Transdermal delivery methods will most certainly have a significantly lessened degree of hepatic stress, especially when we're talking about making enteral delivered (oral) medications/androgens bioavailable to systemic use (I.E. Methylation.) A non-methylated oral compound won't have a high degree of hepatic stress, you're right, but whatever is absorbed will ultimately face the hepatic first-pass metabolism effect. That in itself will significantly alter the amount of bioavailable active delivered.

You said that to your understanding that 'Tren' like compounds were 'highly bioavailable', however the degree of that is most certainly dependent upon the efficacy of the utilized delivery modality Which is what i've outlined above.

I agree that anecdotal-based evidence is the primary method of feedback at this point. I'm willing to get blood work done when i eventually run this myself. While still anecdotal in nature, it should add some insight overall.

The anecdotal reports we've received back from 1-T (myself included) have been fairly impressive. I'm glad to hear that you enjoyed 1-T yourself. As soon as the 1-T Tren logs start rolling in, i'll put them together in a consolidated thread as i did with the 1-T logs.

True.
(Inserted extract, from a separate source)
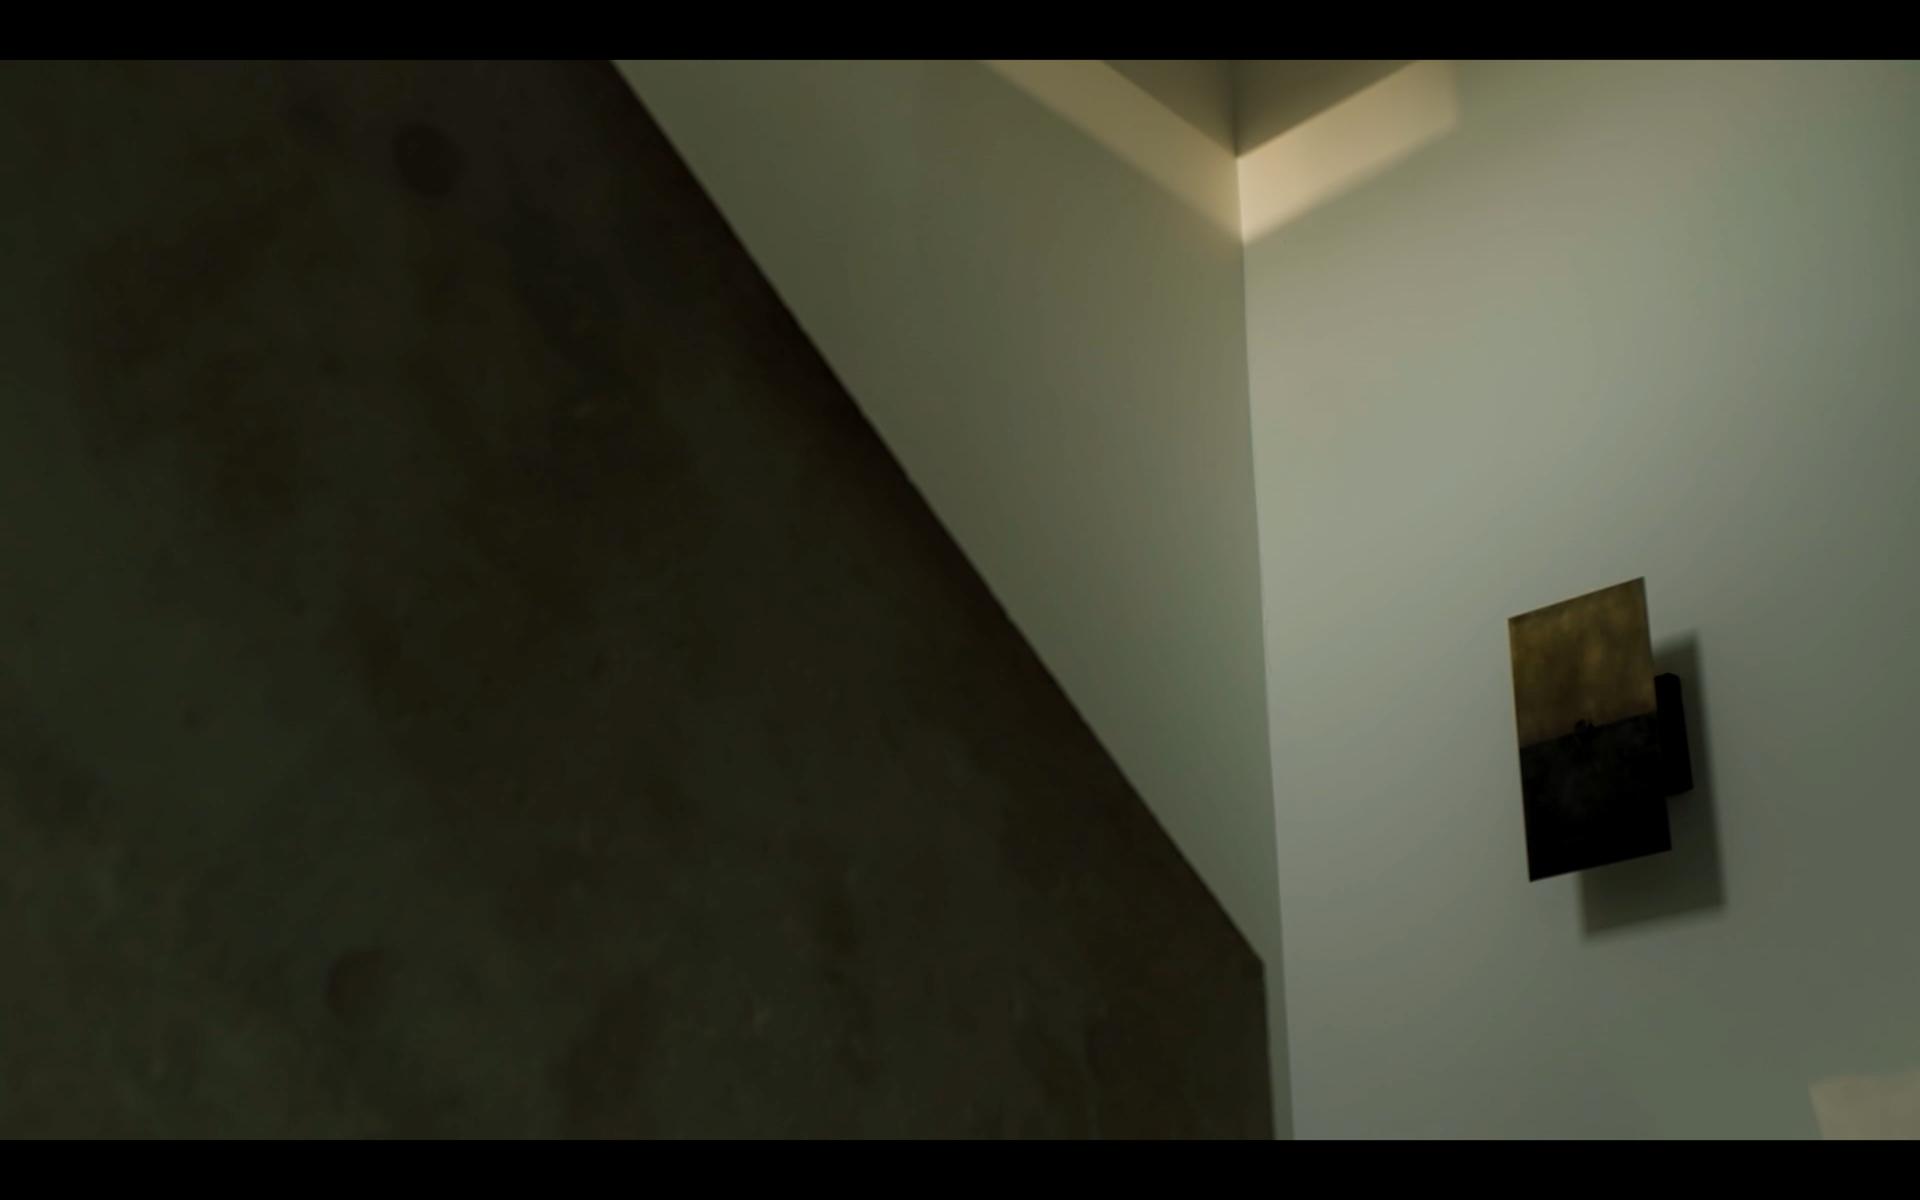 KYLE MACFADZEAN - Screenshot 2021-04-26 at 00.32.32

It boils down to how much active is delivered... but Trauma, I already do believe in trasdermal delivery! I'm not arguing that point at all. I liked 1-T and I expect, on a mg by mg basis, 1-T Tren will be as effective or more than 1-T + oral Tren, or oral 1-Andro + oral Tren. And it's cheaper. My whole point of contention in the original post was that transdermal delivery wasn't as "necessary" as it was for 1-Andro (b/c no conversion required), and at $80/bottle, would 1-T Tren be "needed" when one could run 1-T + an oral to get thye saem effect. After I find out it's actually cheaper, 2 thumbs up.

Also looking forward to the logs...

[NattyT]

How long will one bottle at 5 pumps a day go?

[Trauma1]

How long will one bottle at 5 pumps a day go?

4 Pumps/day = 27 applications

5 Pumps/day = 23 applications

[Trauma1]

True. It boils down to how much active is delivered... but Trauma, I already do believe in trasdermal delivery! I'm not arguing that point at all. I liked 1-T and I expect, on a mg by mg basis, 1-T Tren will be as effective or more than 1-T + oral Tren, or oral 1-Andro + oral Tren. And it's cheaper. My whole point of contention in the original post was that transdermal delivery wasn't as "necessary" as it was for 1-Andro (b/c no conversion required), and at $80/bottle, would 1-T Tren be "needed" when one could run 1-T + an oral to get thye saem effect. After I find out it's actually cheaper, 2 thumbs up.

Also looking forward to the logs...

I took what you said a different way i guess. No biggie though, i understand your statements here.

I look forward to the logs myself. It's time to get hyooge!